##### Stored data

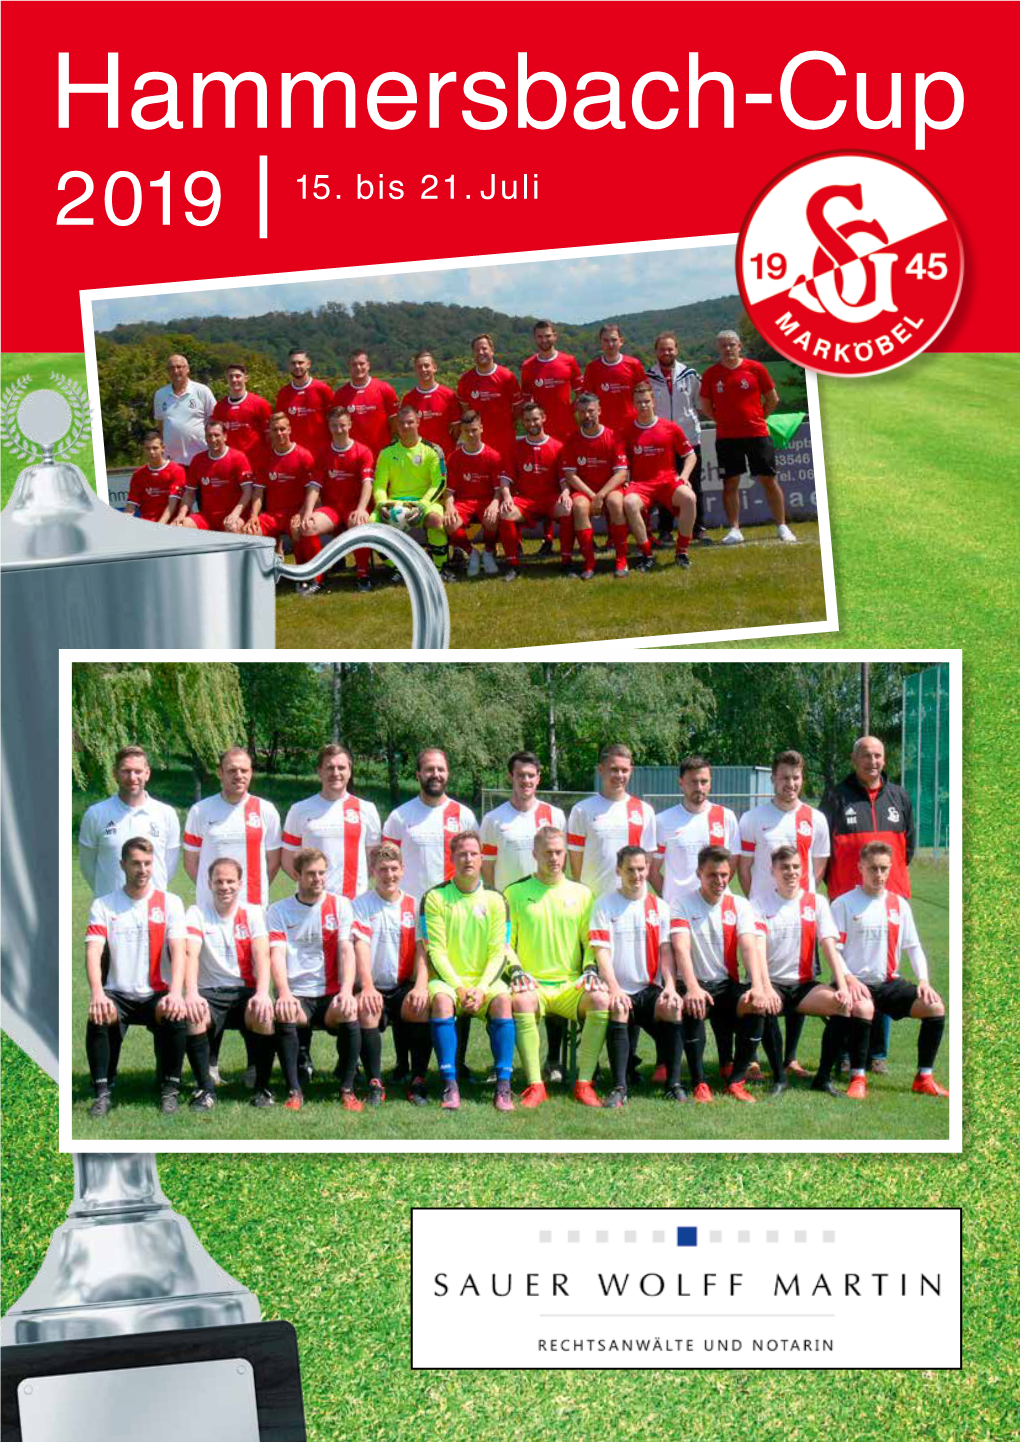 Hammersbach-Cup 2019 I 15
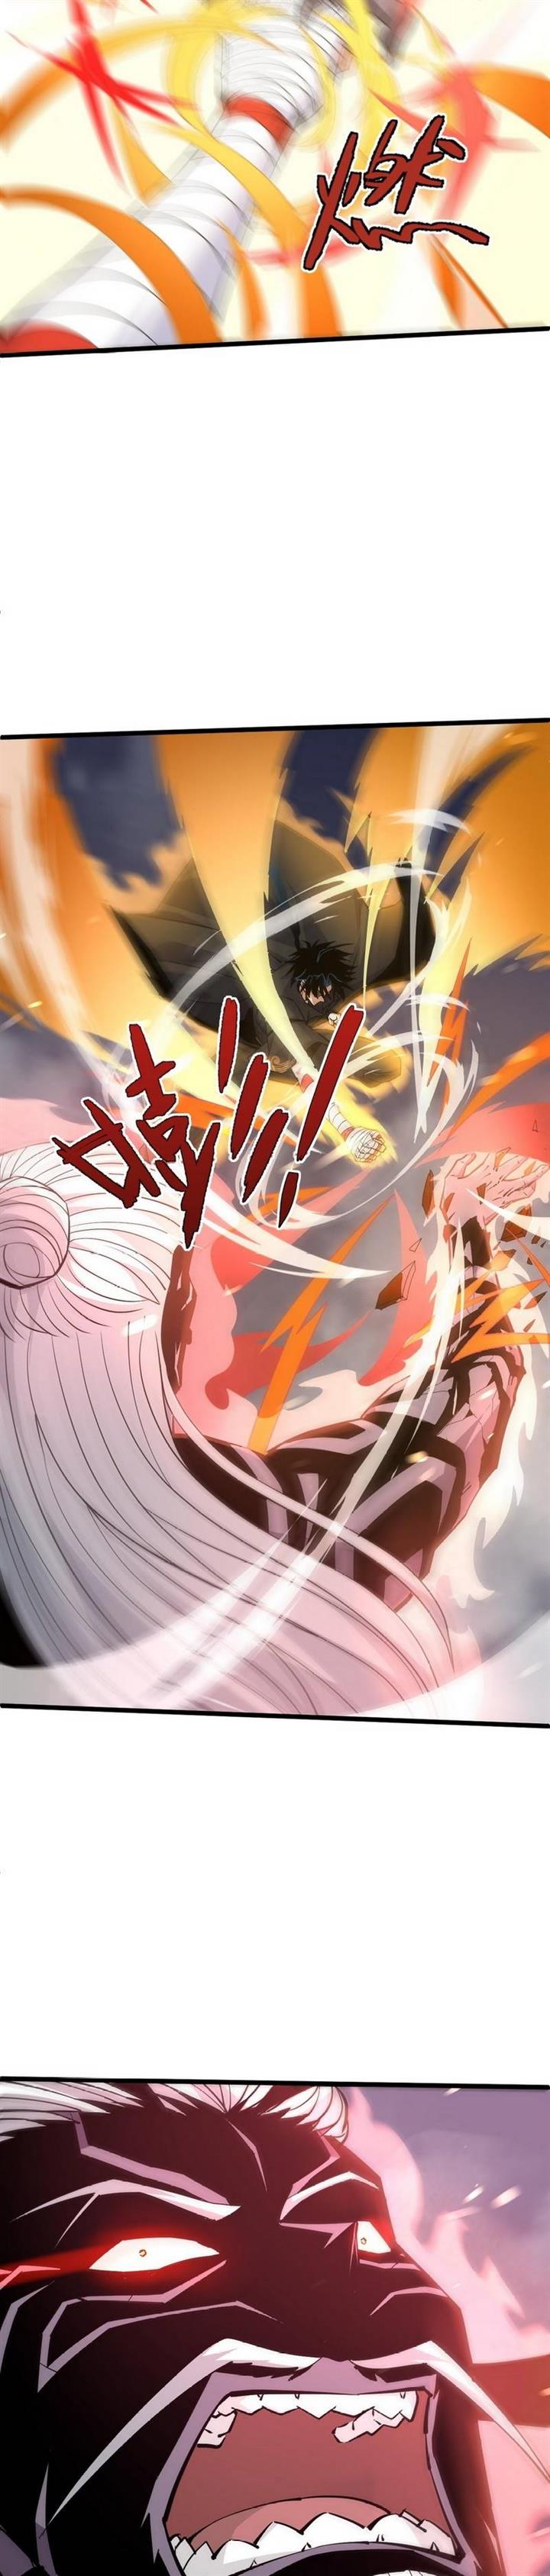 Second Fight Against the Heavens Chapter 25
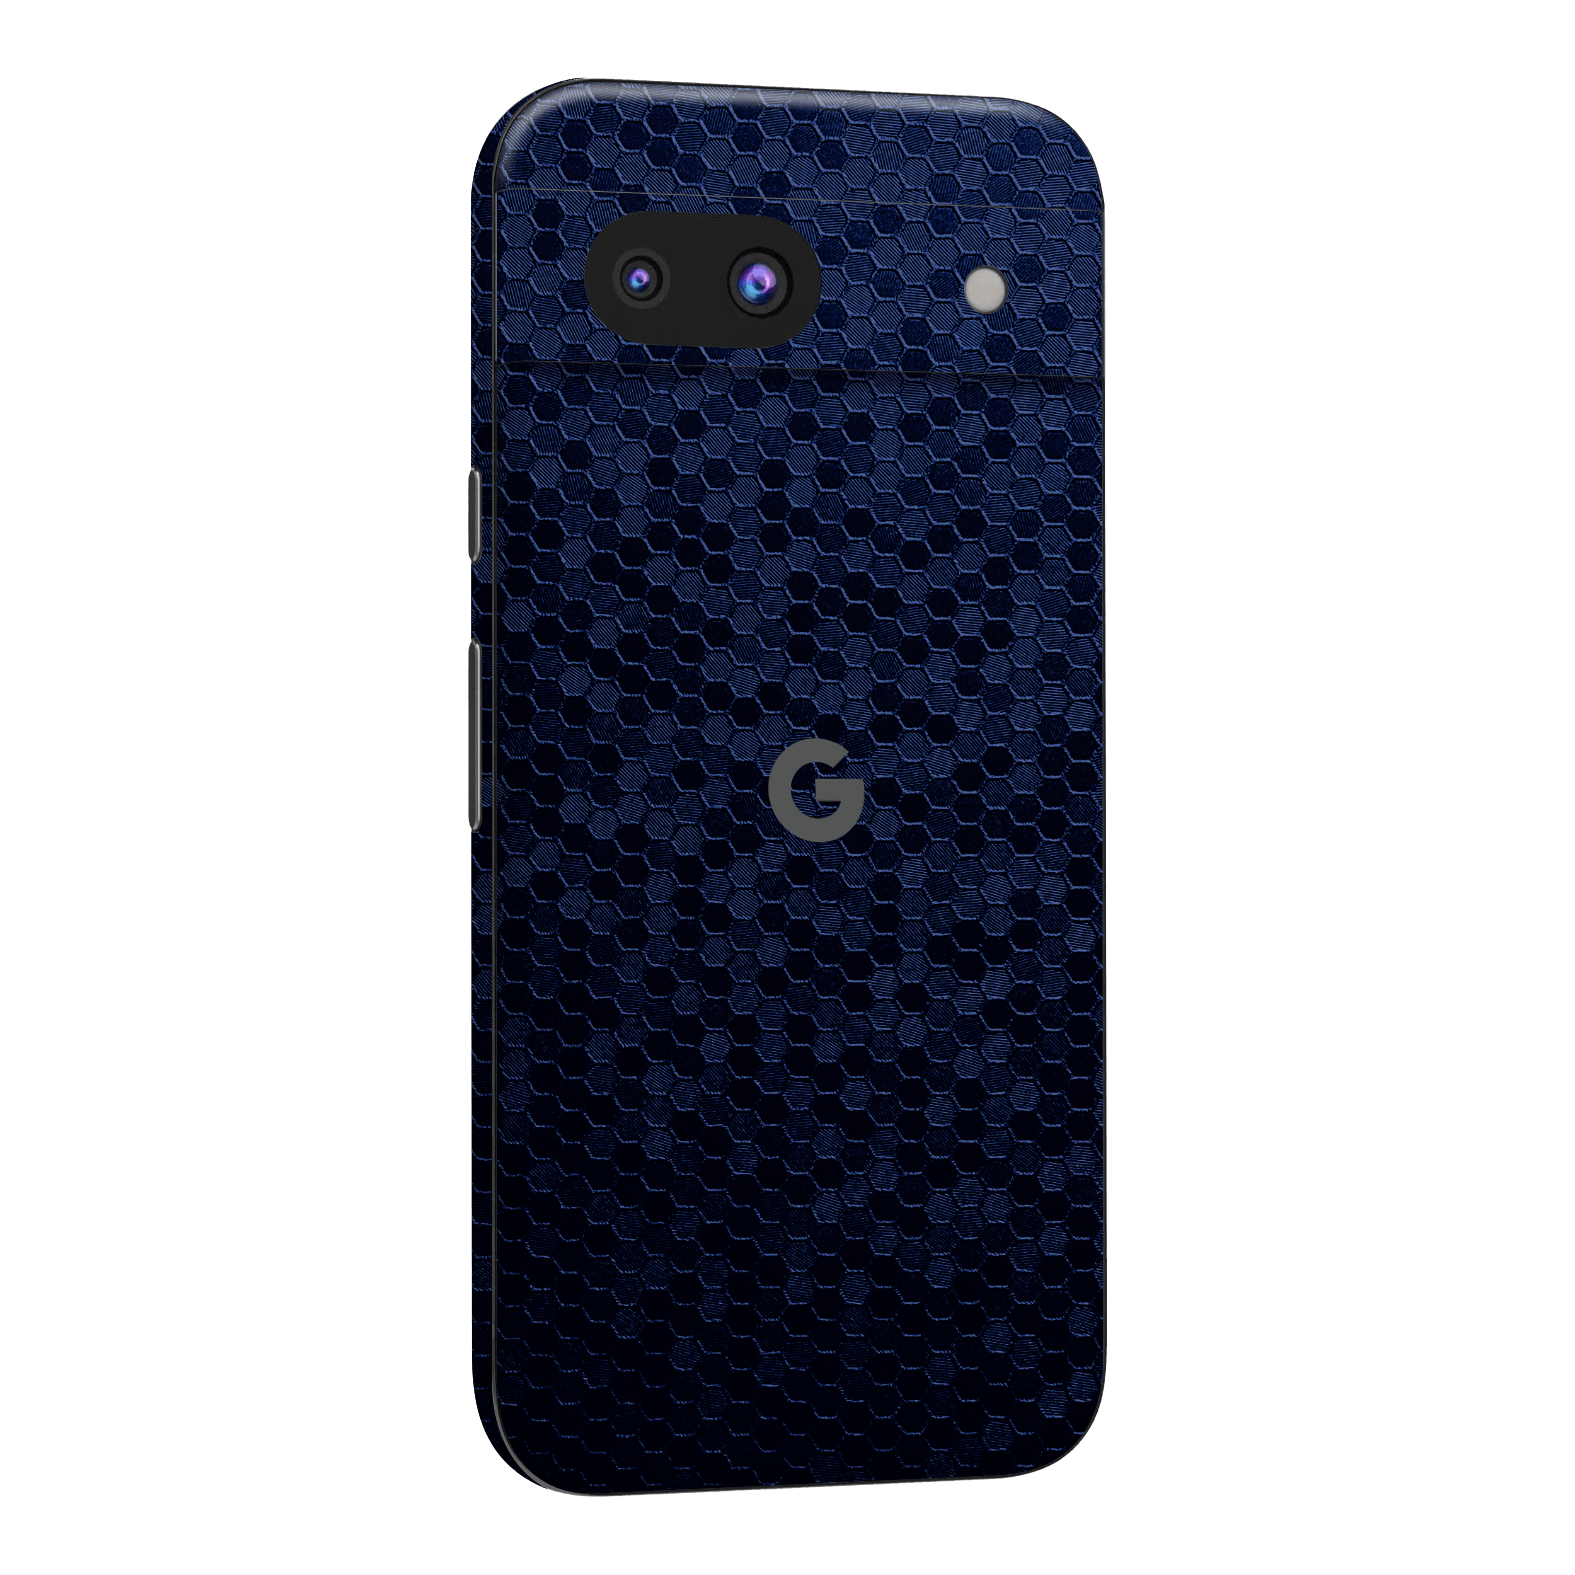 Google Pixel 8a Luxuria Navy Blue Honeycomb 3D Textured Skin Wrap Sticker Decal Cover Protector by QSKINZ | qskinz.com

##########

* _What the exercise asks_
Write out the listing above exactly, images omitted.

* _Answer to this exercise_
 Hammersbach-Cup 2019 I 15
 Second Fight Against the Heavens Chapter 25
 Google Pixel 8a Luxuria Navy Blue Honeycomb 3D Textured Skin Wrap Sticker Decal Cover Protector by QSKINZ | qskinz.com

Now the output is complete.